内部の機械が煙をあげてショートし、ポー藤野、沈黙!
「なんとか……倒した……」
見回すと、ひびやが入ってきたのは薄暗い廊下だったようだ。遠くにはいくつか部屋があり、そちらへ向かってみる途中に、地下への階段も見つけた。
「地下……」
自分が何者かによって、地下へと運ばれる様子がフラッシュバックした。
「よし……」
両頬をパシンと叩き、地下の階段を下りていく。
地下には、一人の男がいた。体格はがっしりしており、40代ほどに見える。
「お前は……?」
「私か。私は藤野邦童。この施設の……この企業の創設者だ」
男は2mほどの機械に乗り込んでいた。ここはロボットの開発を行う部屋のようだ。
「お前が、私の記憶を奪ったのか」
「人聞きが悪いことをいうなぁ。君は事故の段階ですでに脳を損傷していた。確かに改造の影響もあるが……君にとってはつらい記憶だ。思い出さない方が良かろう」
「でも……その結果私には何も残っていない! 私は記憶を取り戻したい!」
邦童はニヤリと笑う。
「な、なんだよ……」
「そんなに記憶を戻したいか? なら教えてやろう」
「お前に過去の記憶なんて無いんだよ」
「え?」
「お前は改造の途中で死んだ。

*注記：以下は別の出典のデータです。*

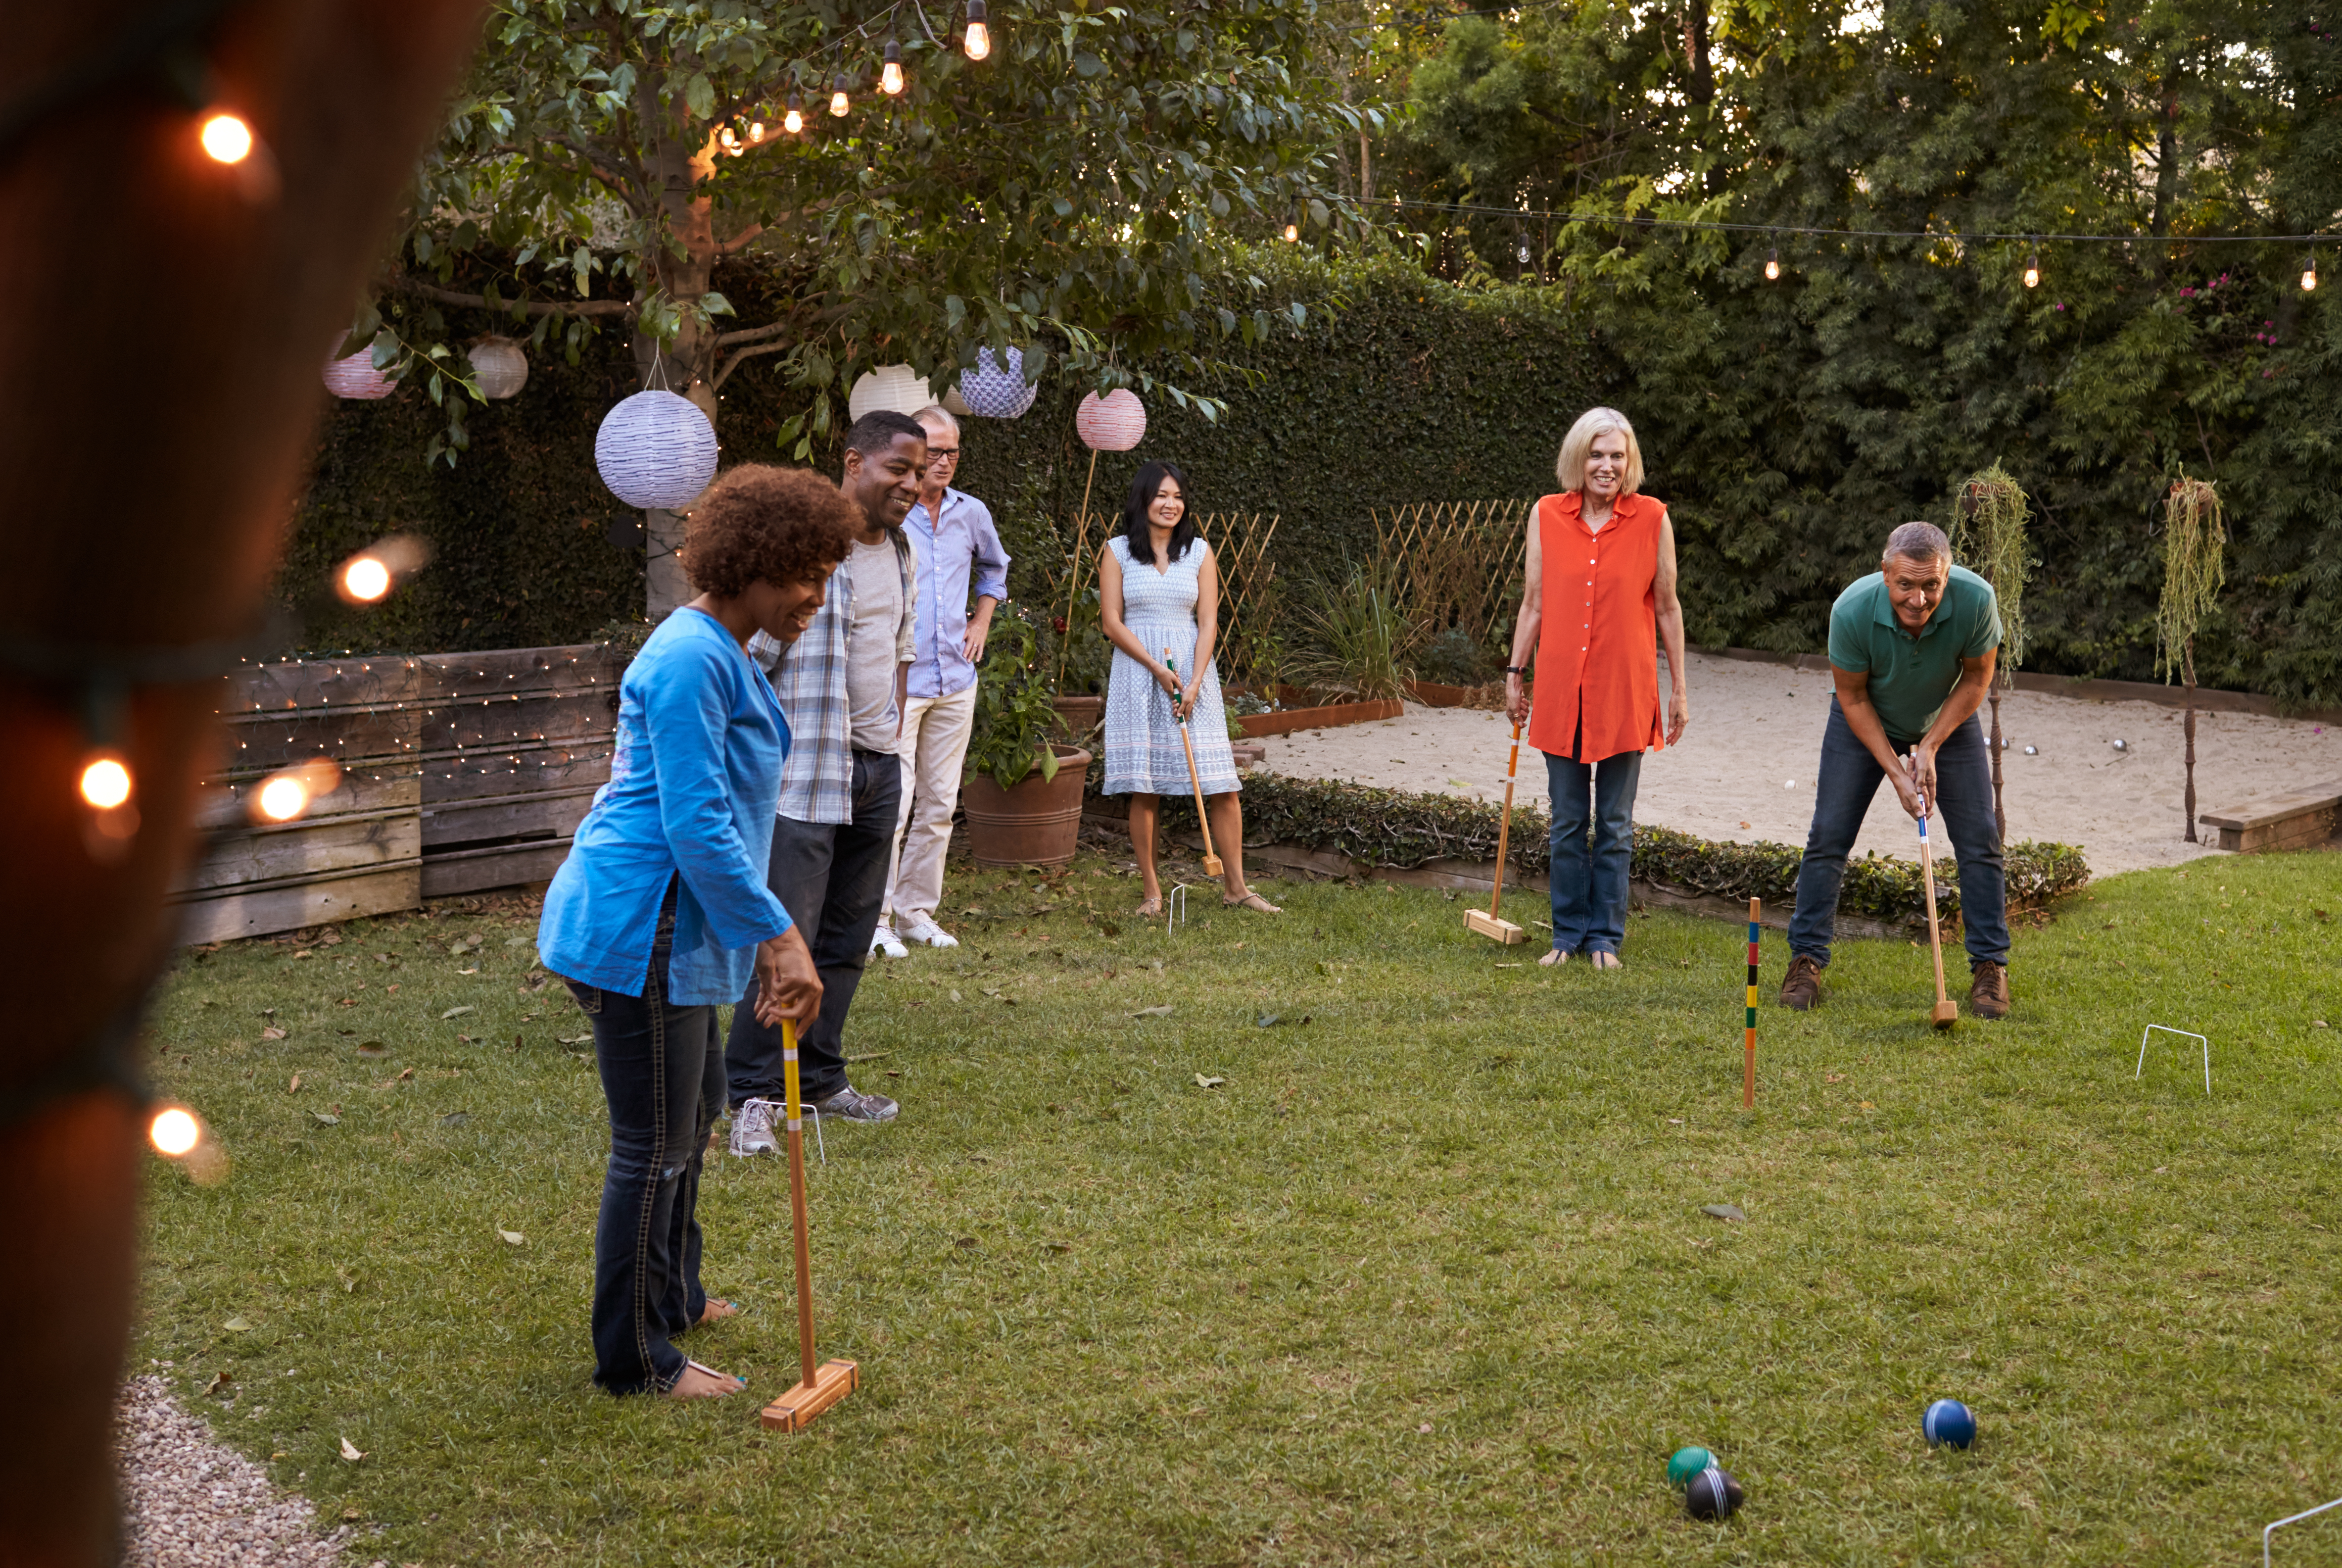 People playing croquet together

過去の記憶が無いのは当たり前。死人に機械の力で鞭打つアンデッドのお前にはなぁ!!」
(私が、もう死んでいる?)
「そん、な」
「ここにDr.由井河の設計図がある。これによれば、人工知能が死体を宇宙人殲滅兵器へと変えるハズだったんだがなぁ……」
「わたし、は……」
「私に歯向かう改造人間は用済みだ……ここで私直々に始末する」
邦童の乗っていた機械のハッチが閉じる。そこでひびやは気付く。この緑色の機械は、ロボットだ!
ハッチ上部には腕と頭部。それも、ポー藤野と形状が酷似している!
「Dr.由井河に作らせた最新兵器! コマンダーグリーン(仮)とポー藤野の長所を掛け合わせた新型ロボット・ドー藤野だぁ!!」
緑色の新型機体には、藤野邦童が搭乗するコクピットがDr.由井河によって新たに取り付けられている! さらに、その腕や足はコマンダーと同等かそれ以上の破壊力を持つ!

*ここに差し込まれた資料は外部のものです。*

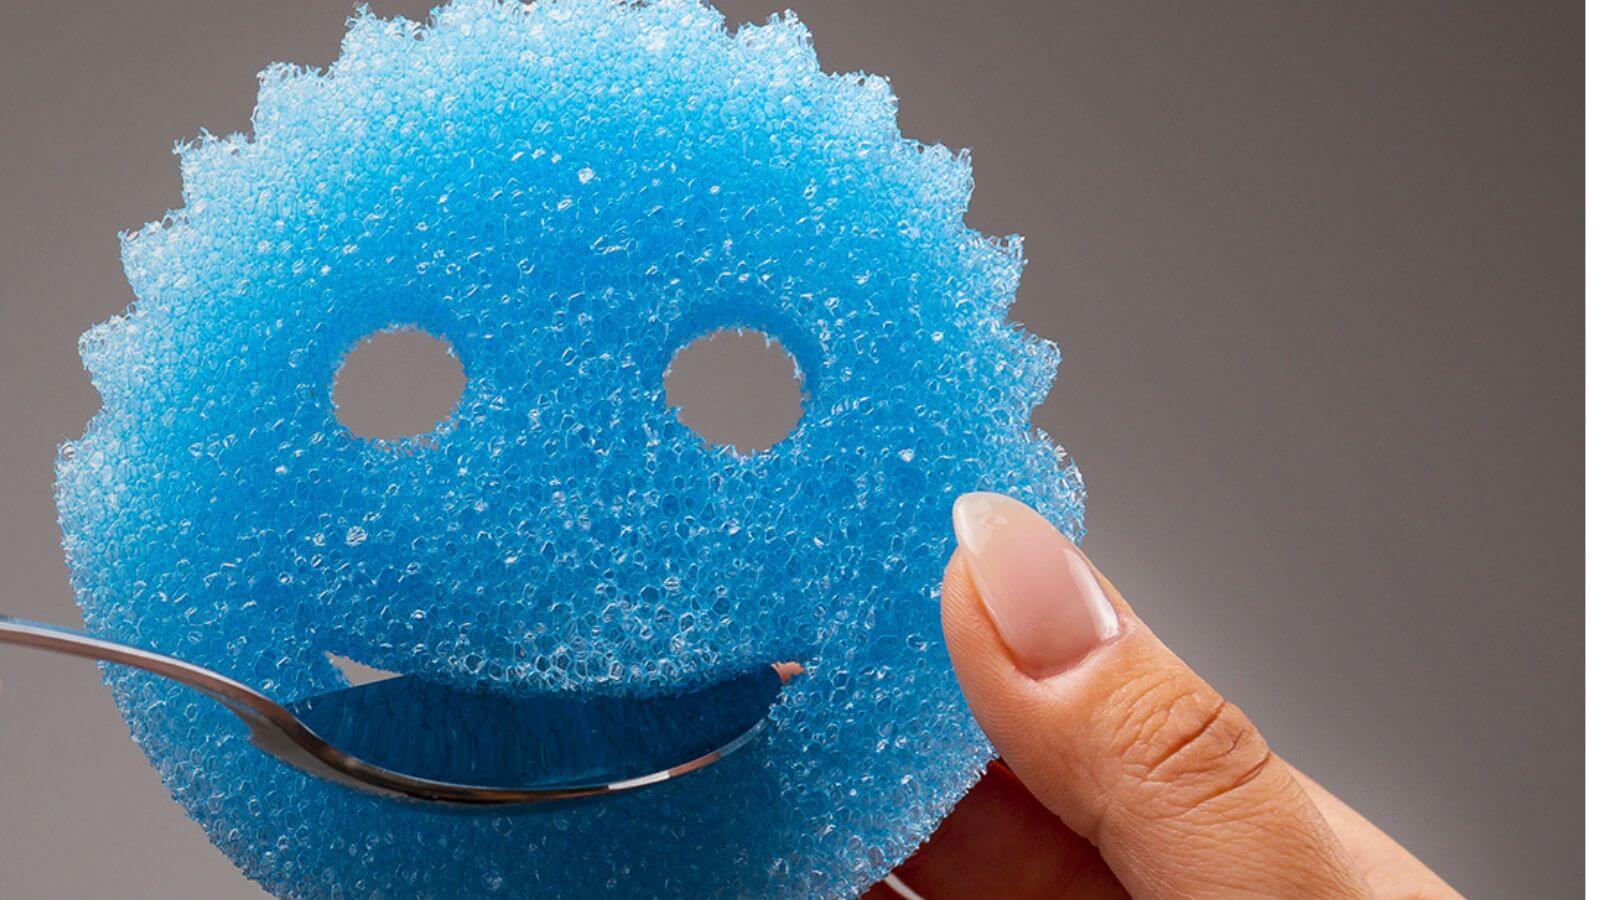 Scrub Daddy's mouth is so very useful.

精神的に動揺しているひびやに、ドー藤野の剛腕が降り注ぐ!
「うわっ!!」
「喰らえ、これが不良品への鉄槌だァ!」
なんとか連続パンチから抜け出したひびやは刃に氷を纏わせ、ドー藤野の機体を凍らせようと攻撃を繰り出す!
「フロスト・ブレイド!」
機体の腕が壁ごと氷結する!
「抵抗するなぁ!」
氷によって固まった腕を引きはがそうともがく隙に、ひびやは撤退を決めた。
階段をのぼり、地上へ。しかし、これから自分が何を目的にしていけばいいのか。それをひびやは完全に見失っていた。
「うわ! びっくりした!! この前の改造人間!」
行く当てのないひびやがたどり着いたのは、以前対決した宇宙人・ヤケクソうさ子の家だった。
「なんだぁ?」
「どうしたの?」
隣の部屋から、ヤケクソうさ子によく似た存在が現れてひびやは面食らう。
「ああ、この二人は別世界のわたしで、訳あって隣に住むことになったんよー」
攻撃の意思がないと判断したのか、ヤケクソうさ子はひびやを快く家に上げてくれた。いまは不在だが、11子という改造人間と同居しているようで、そういった特異な存在には慣れっことのことだ。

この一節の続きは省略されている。